CIRD42045 - Intangible assets: company reorganisations:
transfer of foreign permanent establishment from UK to a non
resident company: amount of charge deferred
FA02/SCH29/PARA86
The following process arrives at the amount of the taxable
credit in
CIRD42040 that can be deferred:
- First it is necessary, on an intangible
fixed asset-by-asset basis, to identify those relevant assets where
the proceeds of realisation exceed the tax cost. Credits
representing the difference between the tax cost of the asset and
its book value in the accounts cannot be deferred.
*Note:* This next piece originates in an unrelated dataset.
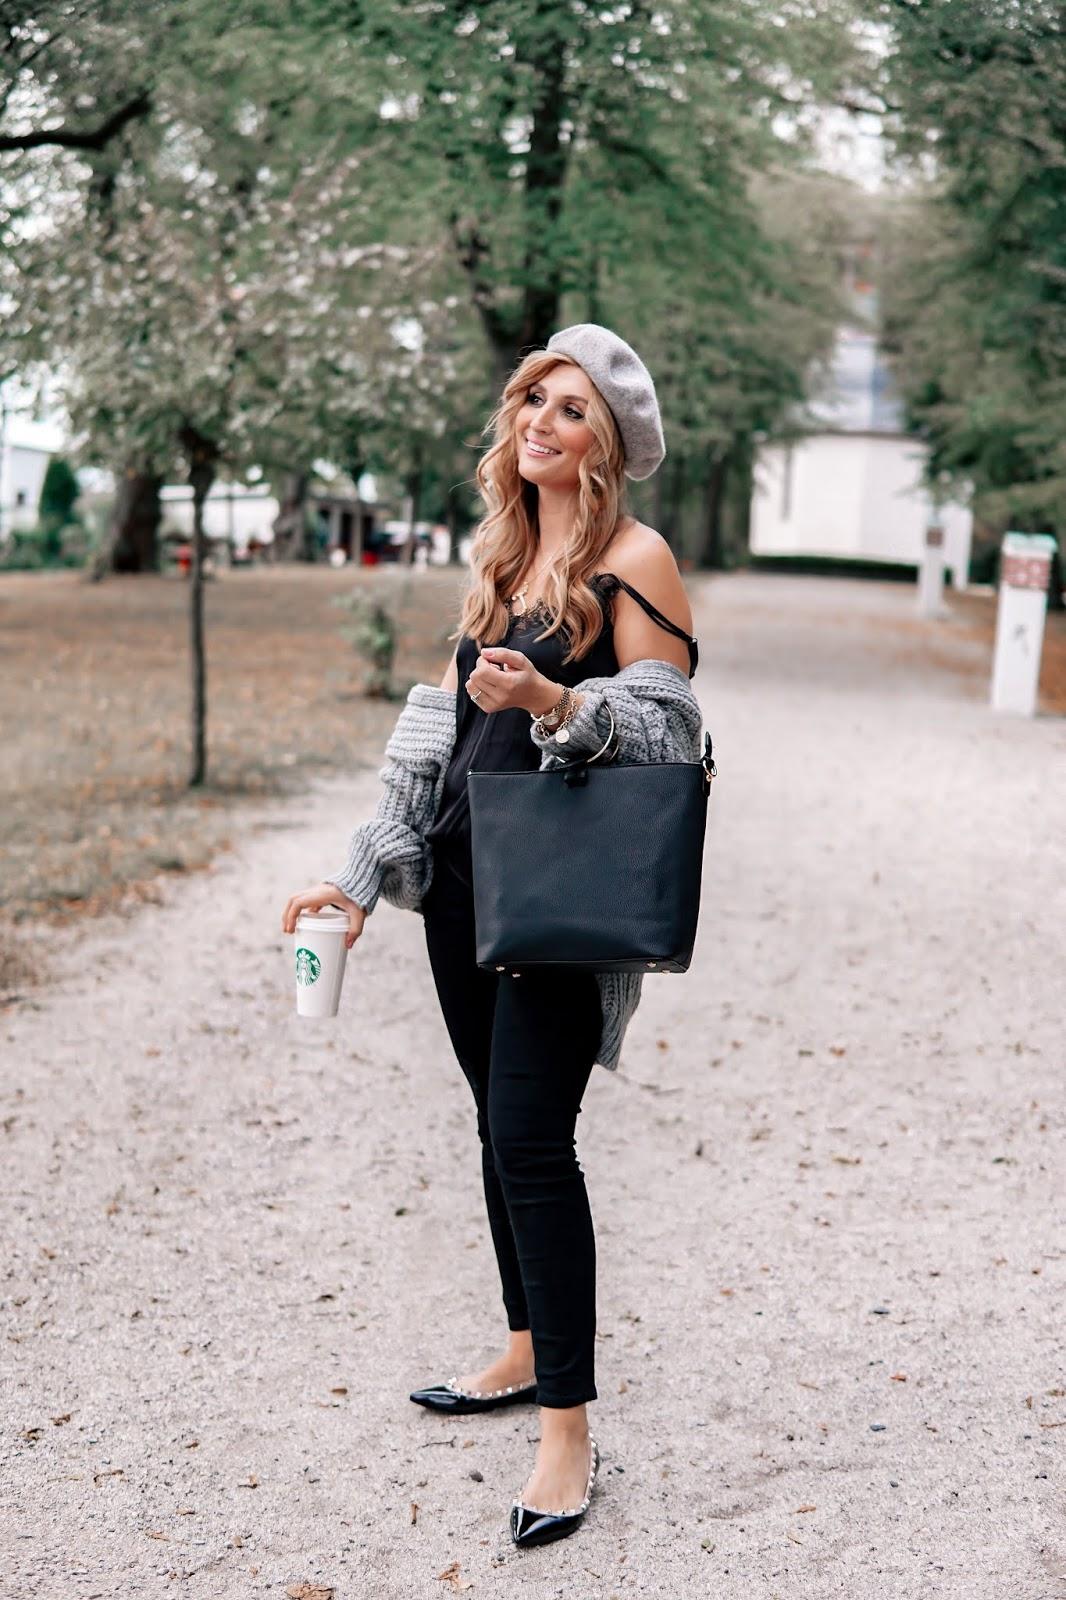 baskenmütze-grau-graue-baskenmütze-grauer-cardigan-schwarze-spitze-nieten-schuhe-fashionstylebyjohanna (4)_1

- Then the transferor company has to claim
on an asset-by-asset basis which of the resulting taxable credits
will be deferred.
The extent to which each of these credits are deferred depends
on the consideration received by the transferor company in respect
of the transfer:
- Where the shares, or shares and loan
stock, issued by the transferee company are the whole of the
consideration, then the whole of the credit on the transfer is
‘the deferred credit’.
- Where the shares, or shares and loan
stock, issued by the transferee company are only part of the
consideration, then only a proportion of the credit on the transfer
is deferred. The remainder is treated as arising at the time of the
transfer and is taxed accordingly on the transferor company.
The proportion of each credit treated as deferred is the
proportion that the market value, at the time of the transfer, of
the shares and loan stock received by the transferor company bears
to the market value of the whole of the consideration received by
the transferor company. For this purpose the consideration does not
include liabilities of the business that are taken over by the
transferee company.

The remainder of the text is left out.